Se trata, entonces, de potenciar aquel poder que irrumpió en las calles en octubre de 2019, y que ya existe en todos los intersticios de nuestra sociedad; se trata de proveerlo de más espacios, de más recursos, de más redes. El neoliberalismo no se puede combatir únicamente con más Estado. Incluso cuando son servidores del pueblo quienes encarnan las instituciones estatales, el poder estatal no puede ser suficiente.
En la tradición constitucional, sólo se permite la (re)aparición del pueblo cuando éste irrumpe en el espacio público, y tal irrupción sólo puede interpretarse como un emplazamiento para re-constituir el poder estatal que se ejerce a su nombre. Dictada la nueva constitución, desaparece el poder del pueblo: se atomiza e individualiza en los derechos políticos de cada une de les ciudadanes.

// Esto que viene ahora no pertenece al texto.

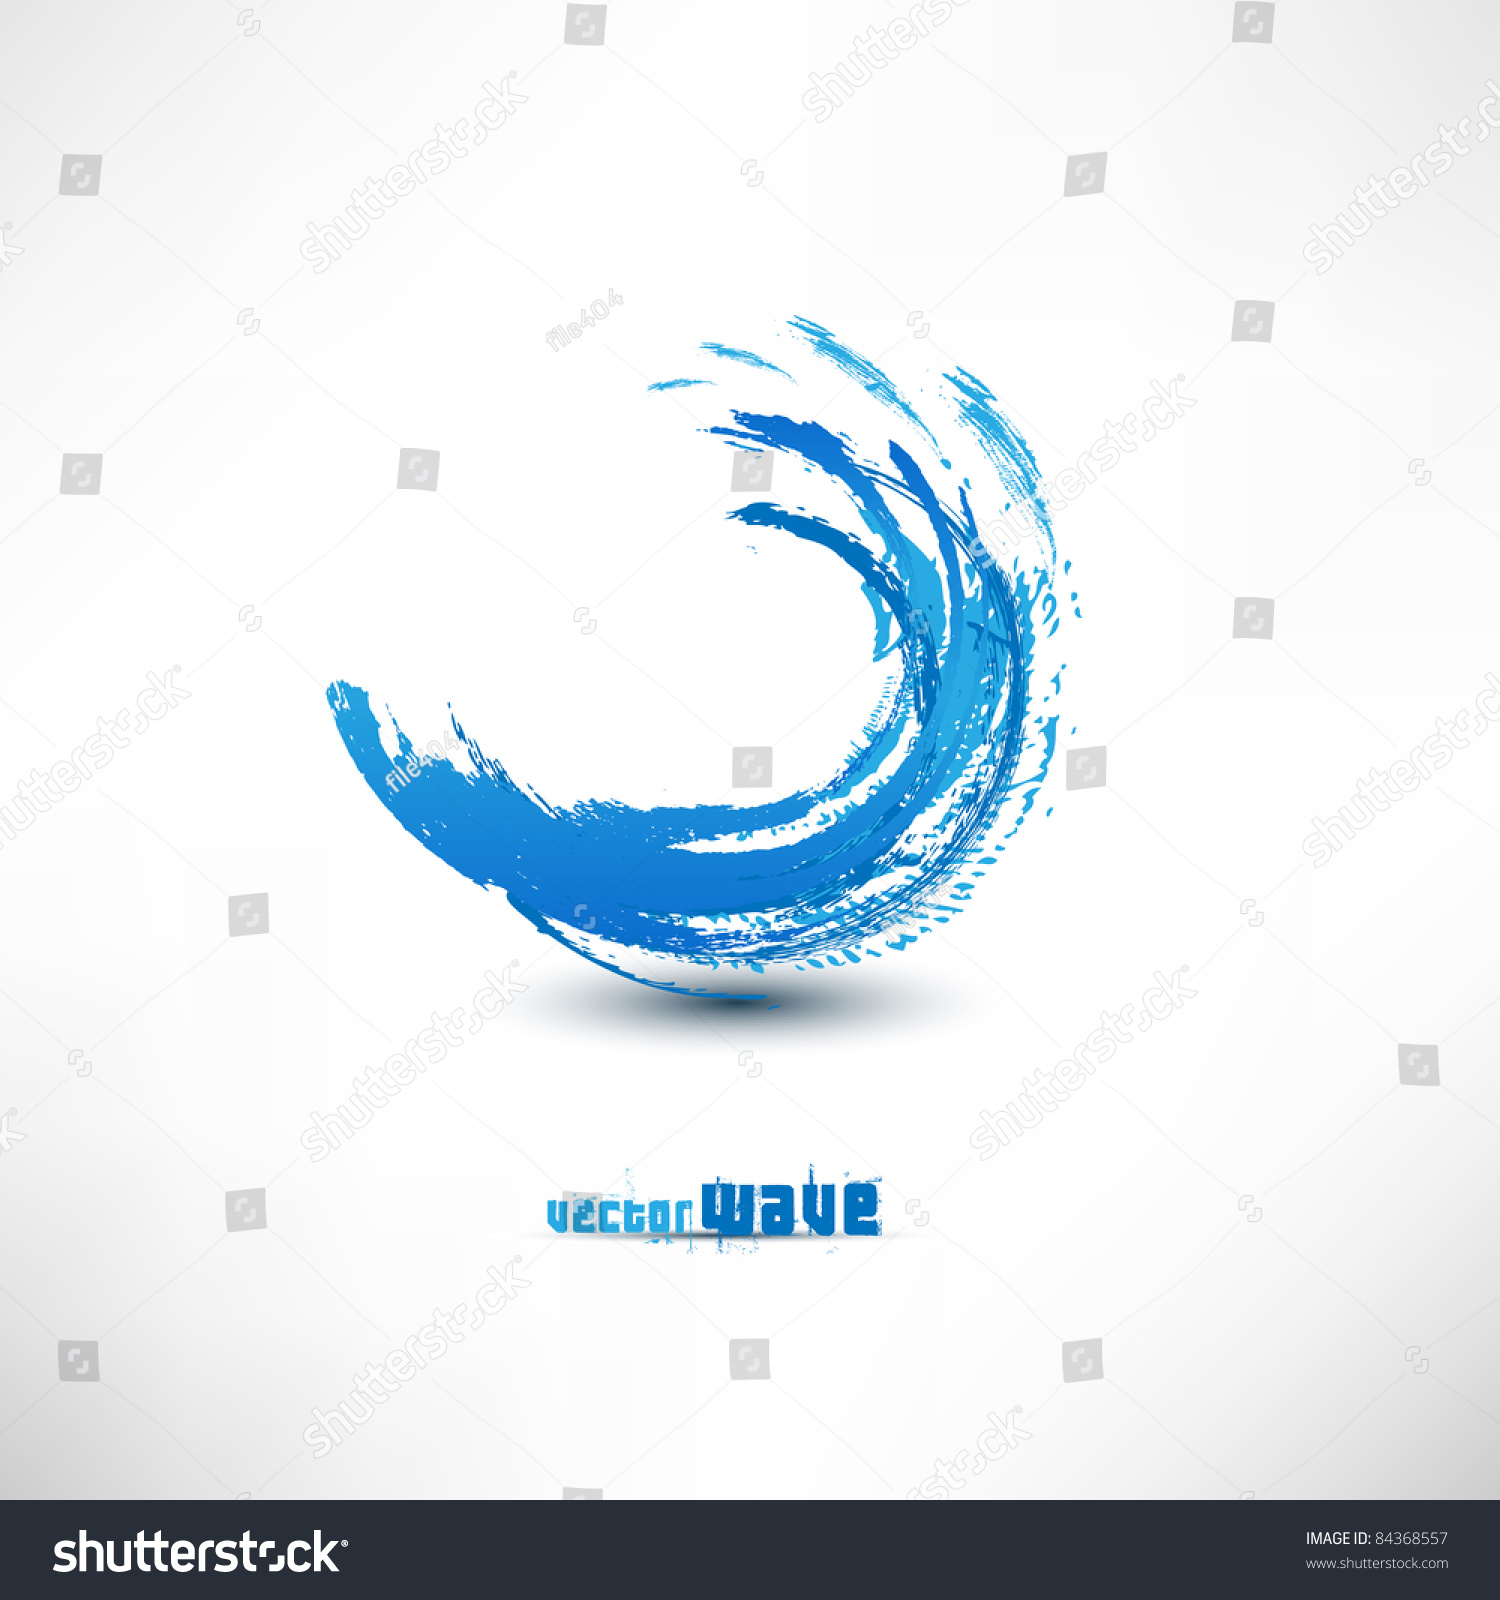 Blue Wave Sign Stock Vector Illustration 84368557 : Shutterstock

Este relato está tan arraigado, sobre todo para quienes ostentan la calidad de expertes, que a veces parece difícil de desarmar. Y, sin embargo, hoy por hoy en Chile muches somos de la opinión de que no basta con que el pueblo haya despertado: queremos que permanezca despierto. Me parece que esa intuición debe ser explorada mucho más allá de la necesidad (de todos modos, fundamental) de seguir manifestándose activamente en contra de la injusticia ya sea mediante la protesta o en virtud de los espacios en los que la opinión pública puede aparecer como fuerza política popular.

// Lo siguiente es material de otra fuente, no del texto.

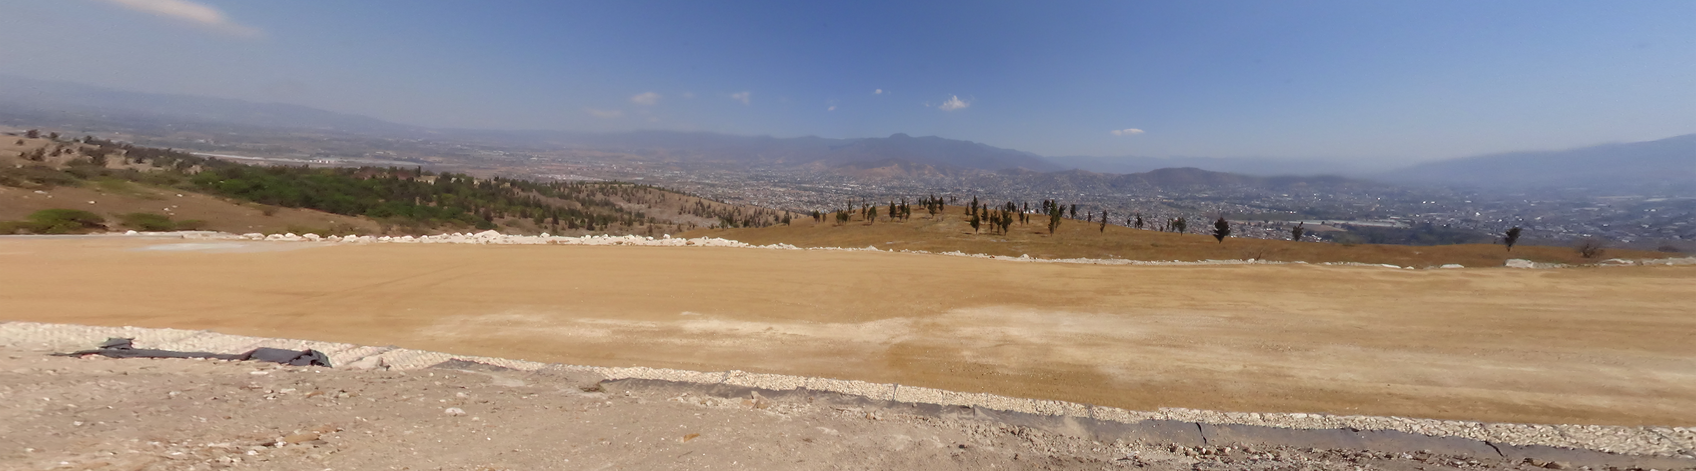 Oaxaca Mexico View Pano 01 by ALCHEMlST

Es necesario potenciar las múltiples agencias que componen el pueblo plural: un pueblo que no desaparece detrás del poder estatal; y que, aunque ha sido persistentemente negado por la tradición constitucional, no tiene por qué serlo en una constitución que busque precisamente lo contrario a lo que ha buscado esa tradición: potenciar el poder de la mayoría, y contrarrestar el poder de una minoría.
Más allá de la manera en que se expresan a través del lenguaje de los derechos, las demandas sociales que hemos venido levantando y que asociamos a la idea de dignidad, dicen relación con una cuestión esencial, que sabemos que no ha sido la idea fundante de nuestras instituciones, pero debiese serlo: la producción y reproducción de la vida en común.

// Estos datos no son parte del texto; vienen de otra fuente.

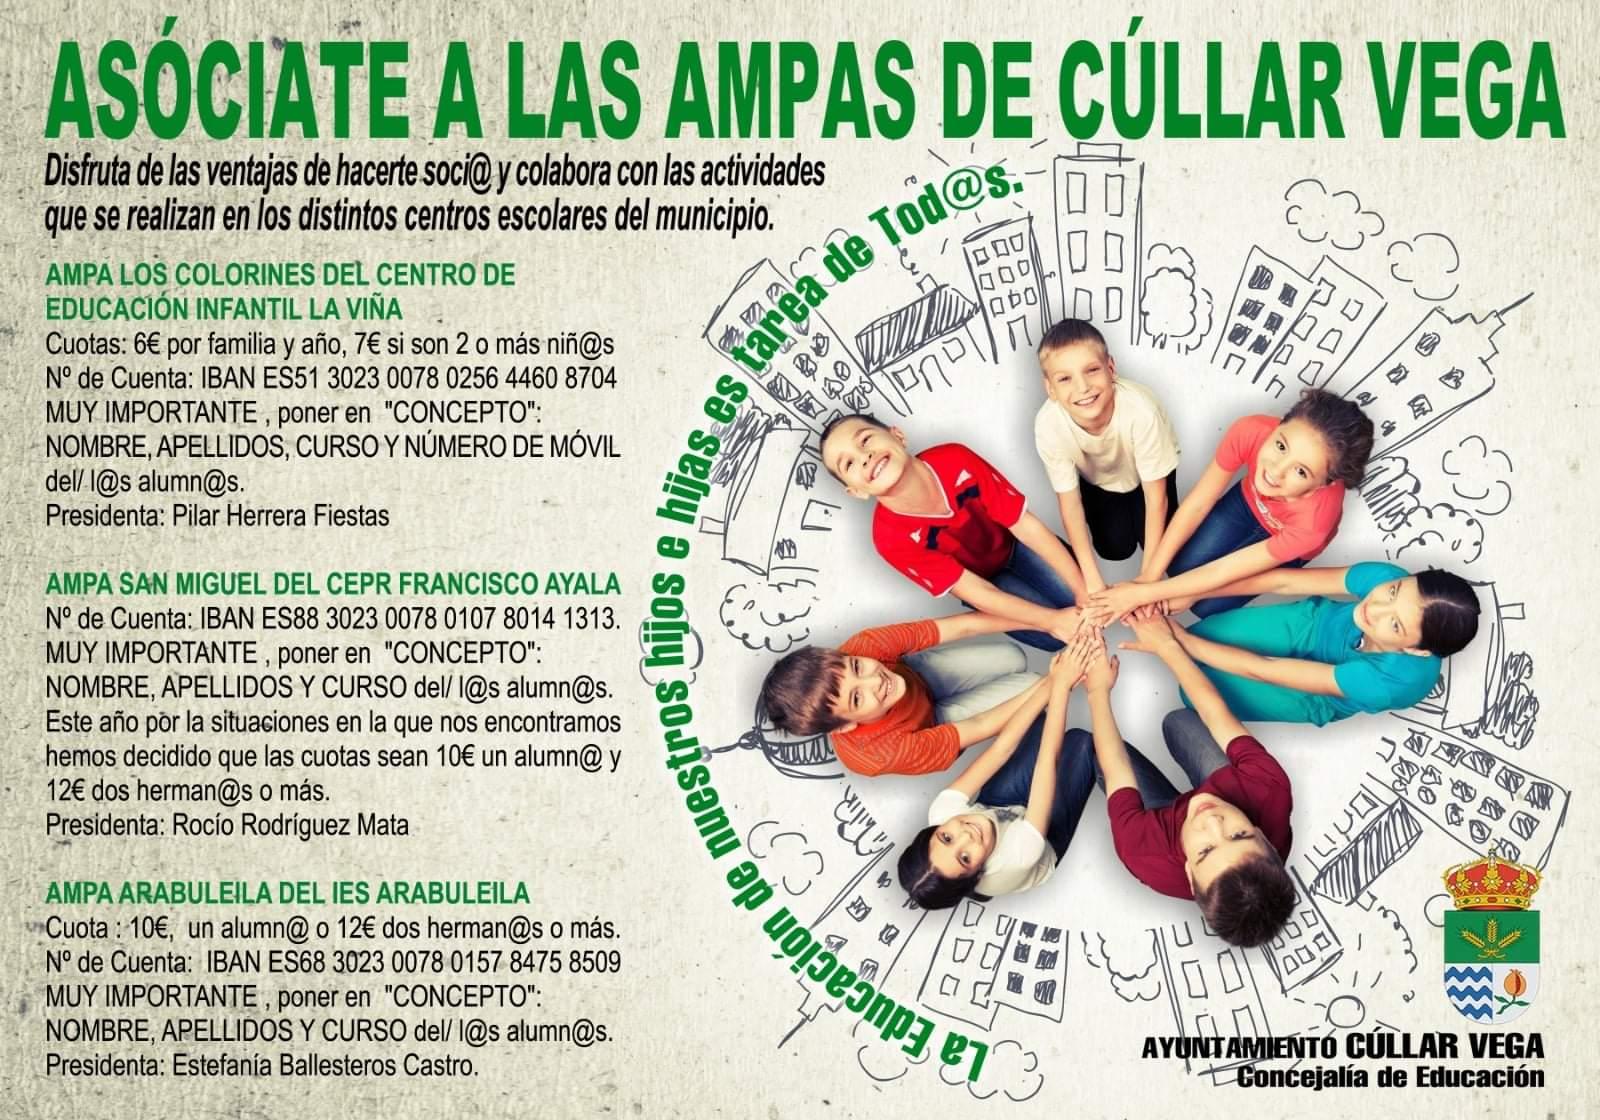 Asóciate a las AMPAS de Cúllar Vega

Más allá de los derechos, de lo que se trata es de preguntarnos ¿qué y cómo producimos?, ¿cuánto y cómo trabajamos?, ¿quiénes y qué nos informan?, ¿quiénes nos cuidan y cómo? En fin, ¿cómo convivimos?
Creo que la revuelta de octubre de 2019 vino a cuestionar las respuestas que los agentes capitalistas, en su complicidad con el estado, habían venido dando a esas preguntas.
En este sentido, no se puede soslayar la medida en que la autogestión, la acción colaborativa, las iniciativas comunitarias, las cooperativas e incluso el trueque han florecido en el último tiempo. Por supuesto que instancias de resistencia como éstas no alcanzan aún siquiera a rasguñar la posición dominante de los actores capitalistas, pero debemos preguntarnos si podrían.
Más allá de los derechos, entonces, la articulación de las demandas sociales depende del poder del pueblo. Por una parte, depende el poder estatal como representante del pueblo, porque si bien en el pasado ha sido el propio estado el que ha actuado en su contra, este proceso constituyente se presenta como una oportunidad para transformar el vínculo que une al pueblo y al estado, de manera tal que el estado aparezca no sólo como representante del pueblo, sino como su servidor.
Por otra parte -y esto es lo que me parece fundamental- depende del poder del pueblo plural, que desborda al poder del Estado, y que, en último término, proveído de suficientes espacios, recursos y vínculos, podría aparecer como un poder capaz de contribuir a contrarrestar el hasta ahora casi incontrarrestable poder de los agentes capitalistas.